== Supplied information ==
-- -- --
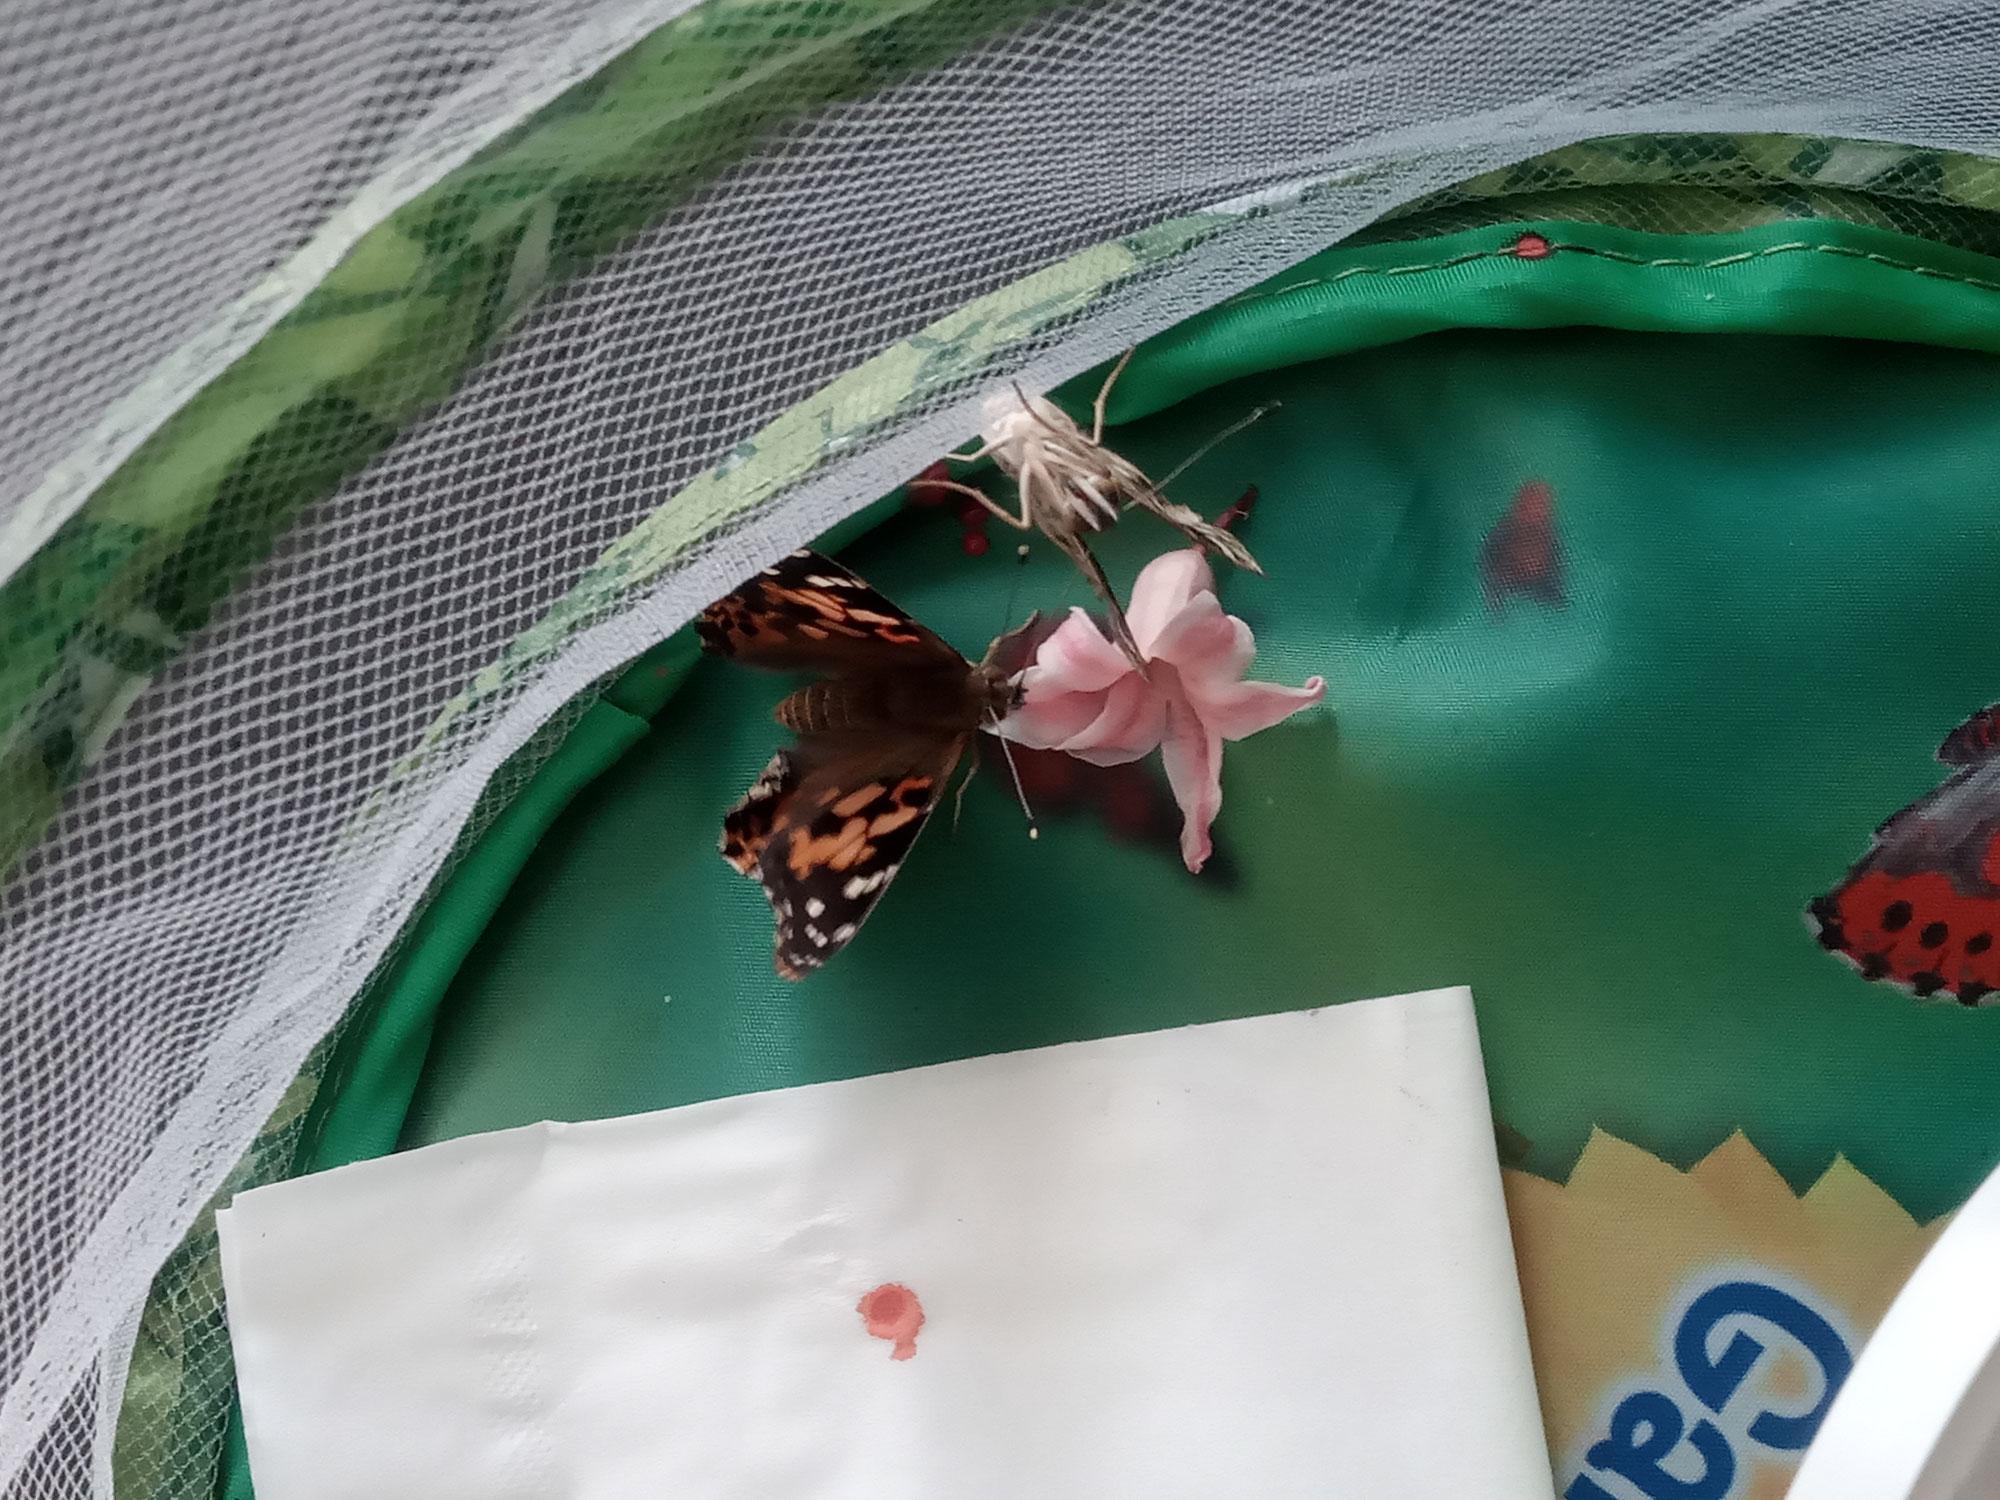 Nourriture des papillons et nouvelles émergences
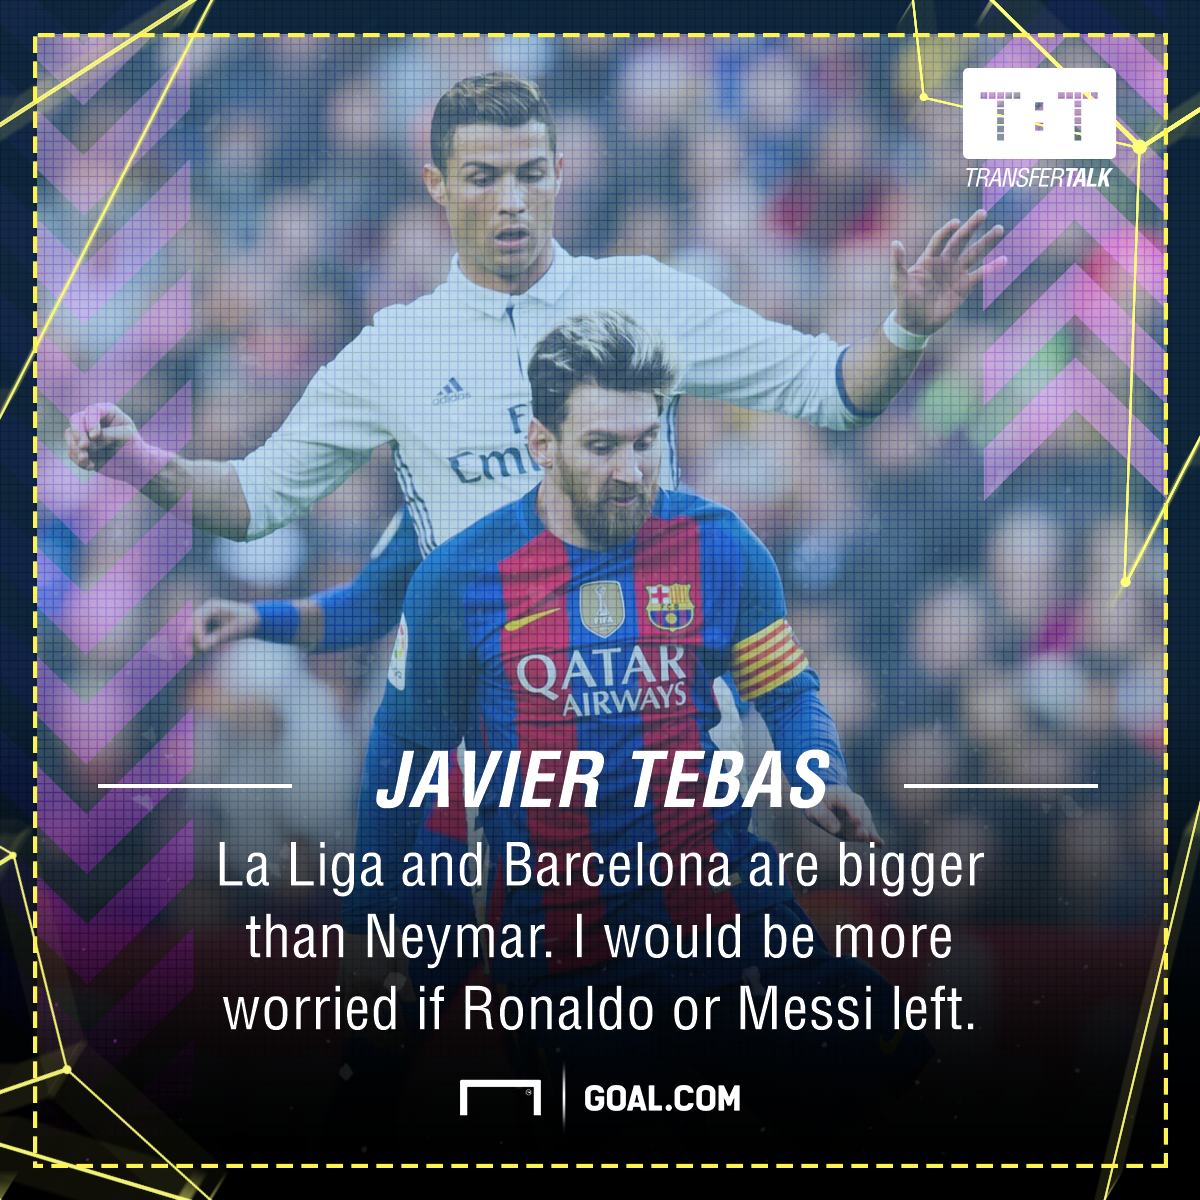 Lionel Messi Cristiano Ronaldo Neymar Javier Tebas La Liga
-- -- --
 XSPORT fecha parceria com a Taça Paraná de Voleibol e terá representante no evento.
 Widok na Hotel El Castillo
-- -- --
== Exercise description ==
Out of the records above, set down only the lines from the one that contains "Nourriture des papillons" through the one that contains "Lionel Messi Cristiano", unchanged and without the pictures.

== Exercise answer ==
 Nourriture des papillons et nouvelles émergences
 Lionel Messi Cristiano Ronaldo Neymar Javier Tebas La Liga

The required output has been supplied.